Twitter, which recently reduced headcount by as much as two-thirds amid Elon Musk’s efforts to make the company “much more engineering-driven,” auctioned a variety of kitchen equipment and furniture such as espresso machines, rotisserie ovens, commercial blenders, refrigerators, griddles, fryers, braising pans, and pizza ovens. Musk warned employees that they should expect “extremely hardcore” hours should they desire to stay at the company.

The headcount reduction at Twitter has contributed to investors requesting further dismissals at other prominent companies. The Children’s Investment Fund Management CEO Christopher Hohn called for Alphabet to slash headcount by another 25,000 workers, referencing excessive median salaries of $300,000 and rapid growth in payrolls, noting that Alphabet has “more than doubled” payrolls in only five years. “Cost discipline is now required as revenue growth is slowing,” he wrote in a letter to Pichai. “In a new era of slower revenue growth, aggressive cost management is essential.”

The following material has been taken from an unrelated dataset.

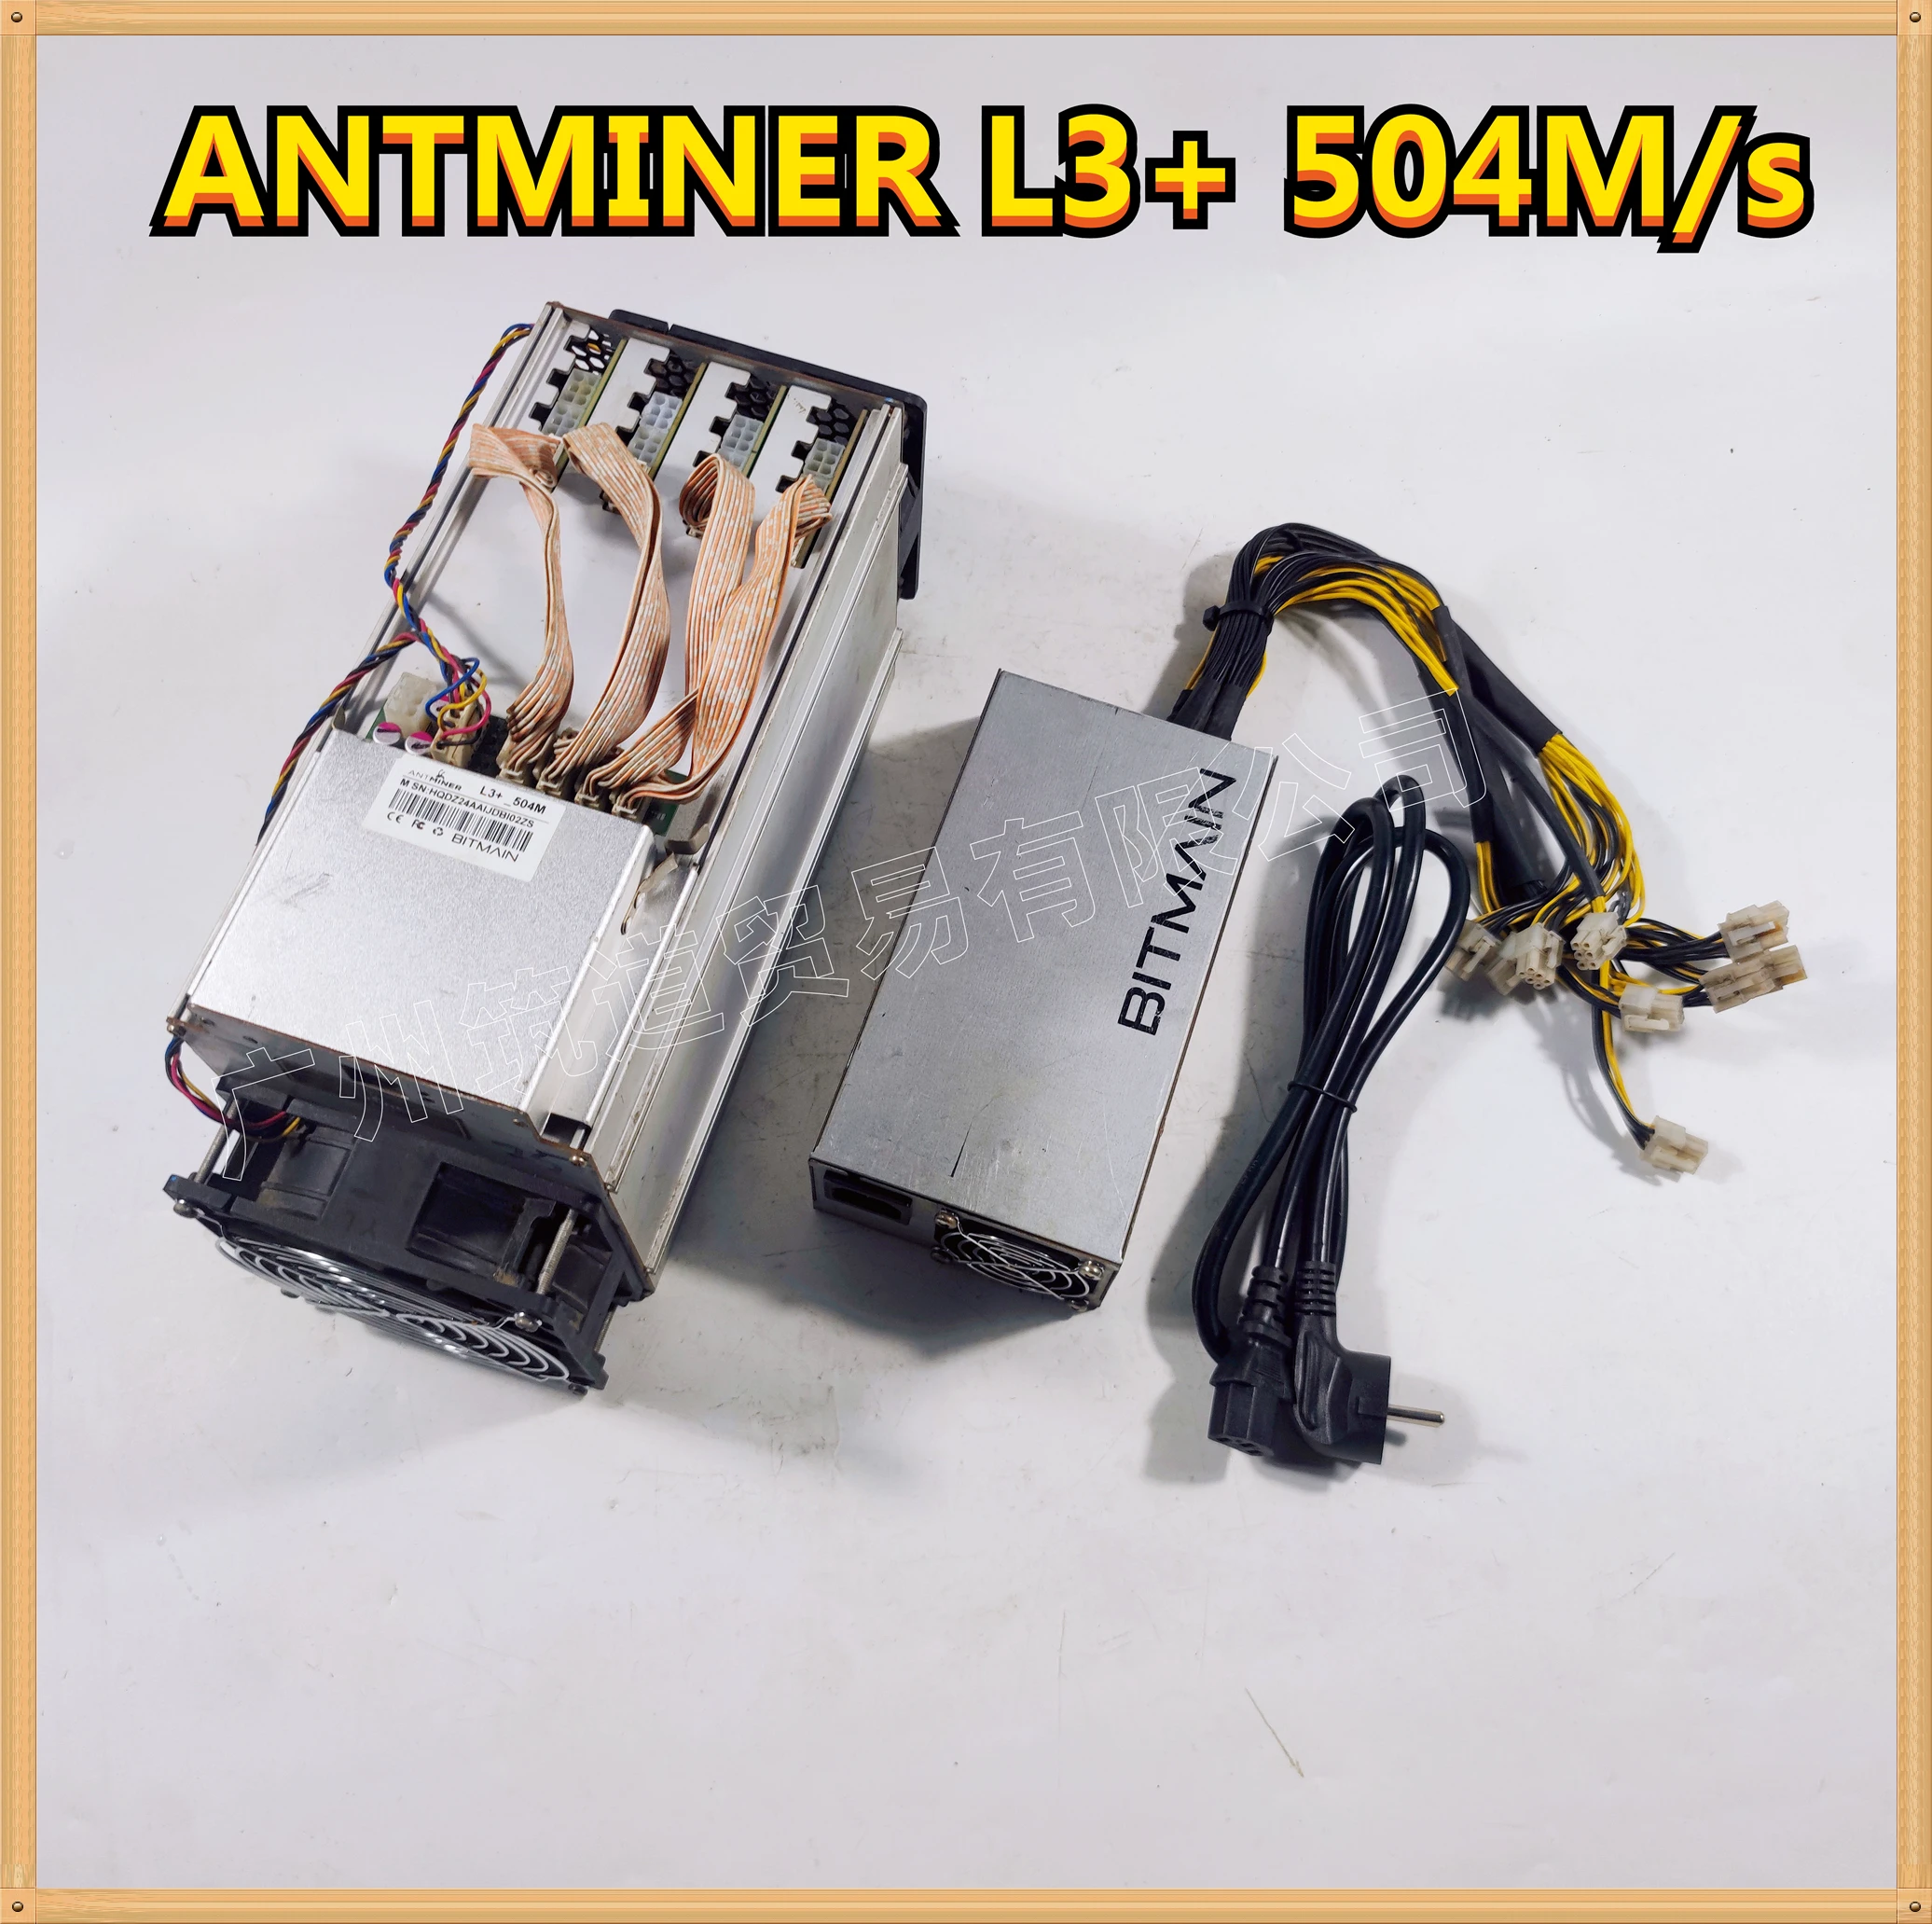 

Used ANTMINER L3+ LTC 504M with Antminer 1600W PSU Scrypt Miner LTC Mining Machine 504M 800W on Wall Better Than ANTMINER L3

Altimeter Capital Management CEO Brad Gerstner likewise pressed Meta CEO Mark Zuckerberg to reform the company’s hiring practices and focus on core competencies, noting that headcount had tripled in the span of four years.

“It is a poorly kept secret in Silicon Valley that companies ranging from Google to Meta to Twitter to Uber could achieve similar levels of revenue with far fewer people,” he asserted. “I would take it a step further and argue that these incredible companies would run even better and more efficiently without the layers and lethargy that comes with this extreme rate of employee expansion.”